On Monday 30 June 2003 15:46, Jeremy Carroll wrote:
> We lose xml:lang by using exc-c14n out of the box ... viz:
> [[
> attributes in the XML namespace, such as xml:lang and xml:space are not
> imported into orphan nodes of the document subset
> ]]

I'll note that while the issue of using exc-c14n arose out of my Last Call 
comments,  I haven't insisted on use of exc-c14n.
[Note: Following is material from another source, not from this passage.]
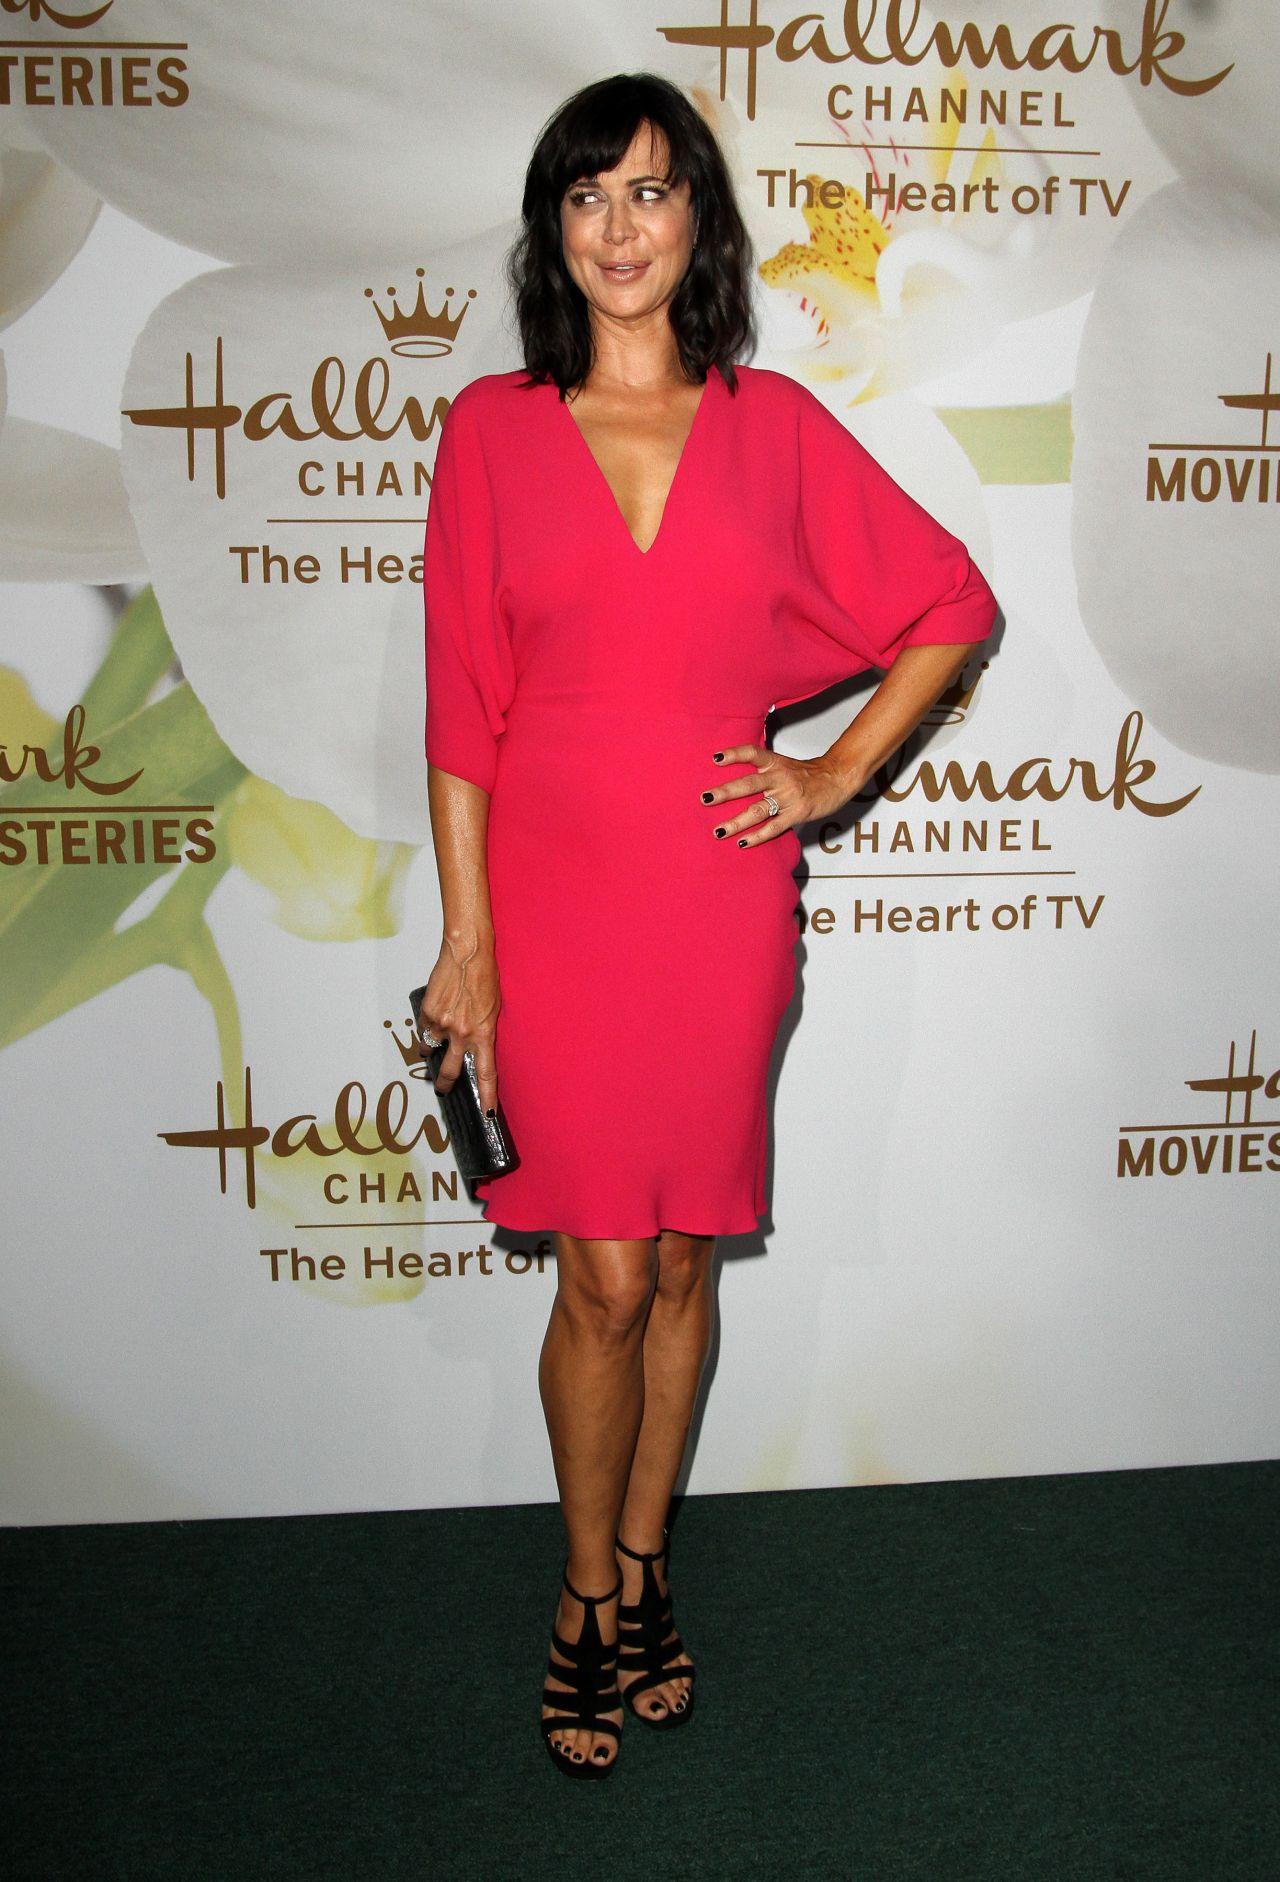 Catherine Bell Hallmark Evening Event At TCA Summer

I merely noted that the 
specs specified c14n in some places, and exc-c14n in others and asked they 
be consisted and recommended exc-c14 [1,2]. exc-c14n seems to be the 
preferred choice now-a-days since it permits subsets of XML to be easily be 
moved beyond contexts and it can be implemented a bit more easily. The ease 
comes from the fact that the ancestor nodes of the subset don't have to be 
crawled (or kept while parsed) to get ancestor xml attributes (e.g., 
xml:lang). (Ancestor namespace declarations are always in a descendent's 
axis, but xml attributes must be crawled.) However, I also resisted calls 
for c14n to be completely deprecated. If people care about context, it's a 
good choice for them.

> Because of this, in the LC docs we had a complicated and confusing
> work-around that involved putting the xml-literal inside an <rdf-wrapper>
> tag, whose sole purpose was to hold the xml:lang attribute. It is
> certainly less confusing to have ditched all of that.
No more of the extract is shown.